Ceremony start time. The anchor for everything else. Summer weddings work well at 3:30–5:00 PM; fall and winter weddings need earlier times to catch natural light. A 6:00 PM ceremony in October means portraits happen at dusk, and not the romantic kind.
First look or no. A first look restructures the day entirely. Portraits finish before the ceremony, cocktail hour is actually yours to enjoy, and you get more usable coverage hours. Couples who skip the first look typically spend 45–60 minutes of cocktail hour away from guests doing formals. Neither is wrong — just know which day you're choosing.
Photography coverage. 6 hours covers ceremony and reception highlights. 8 hours catches the getting-ready arc. 10 hours gets you the full day including golden hour. 12 hours covers the entire arc from morning details through the last dance. Match your coverage to the day you're planning.
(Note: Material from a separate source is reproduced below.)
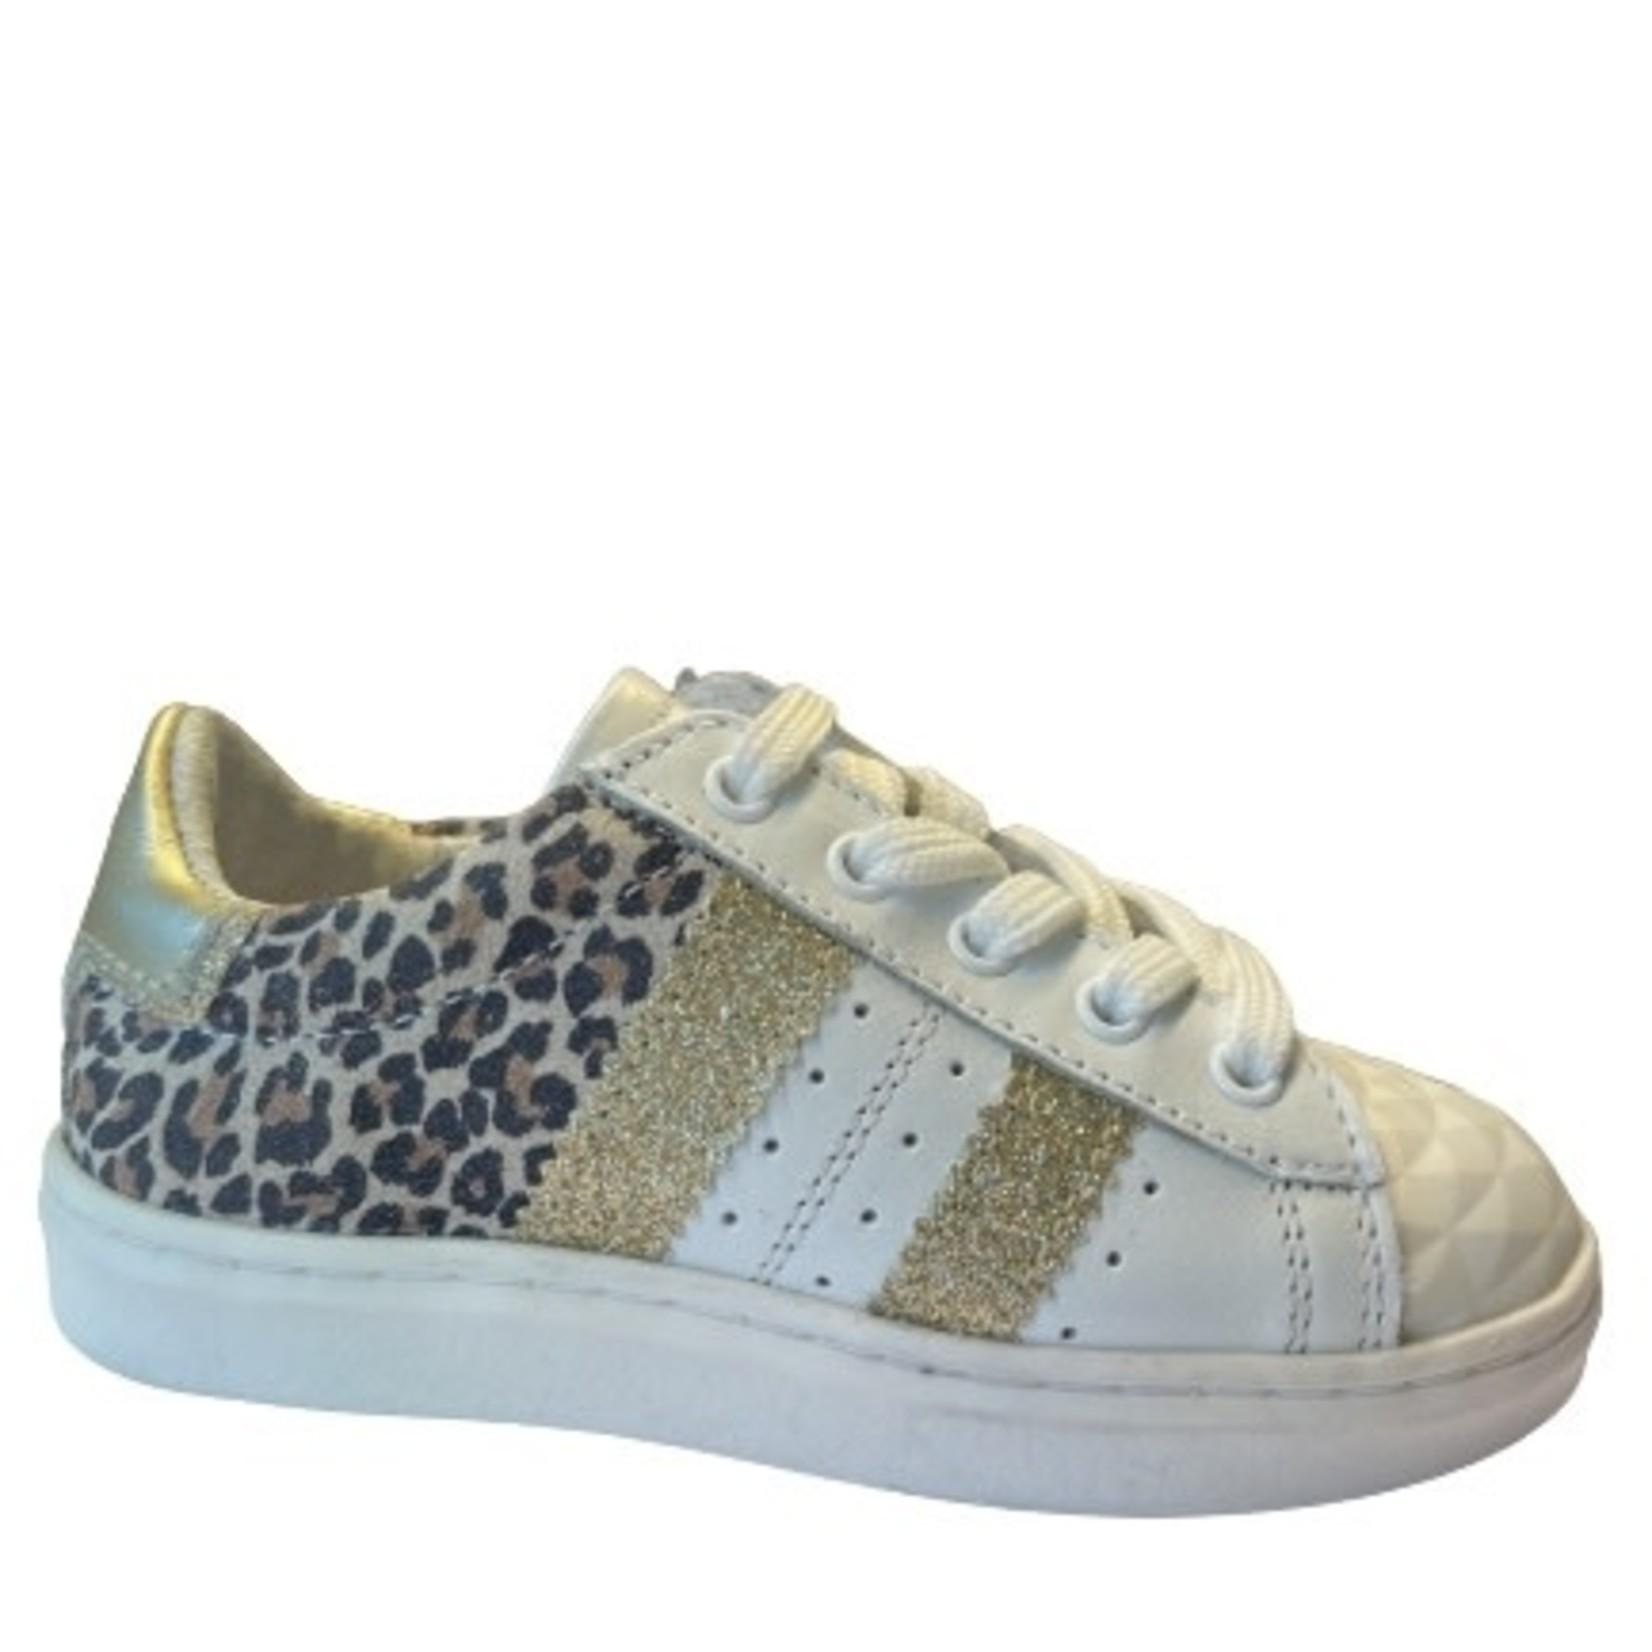 Sneaker Wit/leo

Ceremony length. Most civil ceremonies run 20–25 minutes; religious ceremonies can run 45–60 minutes or longer. Catholic Mass ceremonies need an extra hour in the timeline. Check with your officiant and build a realistic duration into your plan.
Venue travel. If your ceremony and reception are at different locations — or if you're getting ready off-property — every transition adds time. Budget 30 minutes for a short drive and 60 minutes if you're moving the wedding party across town. This tool assumes getting-ready, ceremony, and reception are on one property; adjust upward if they're not.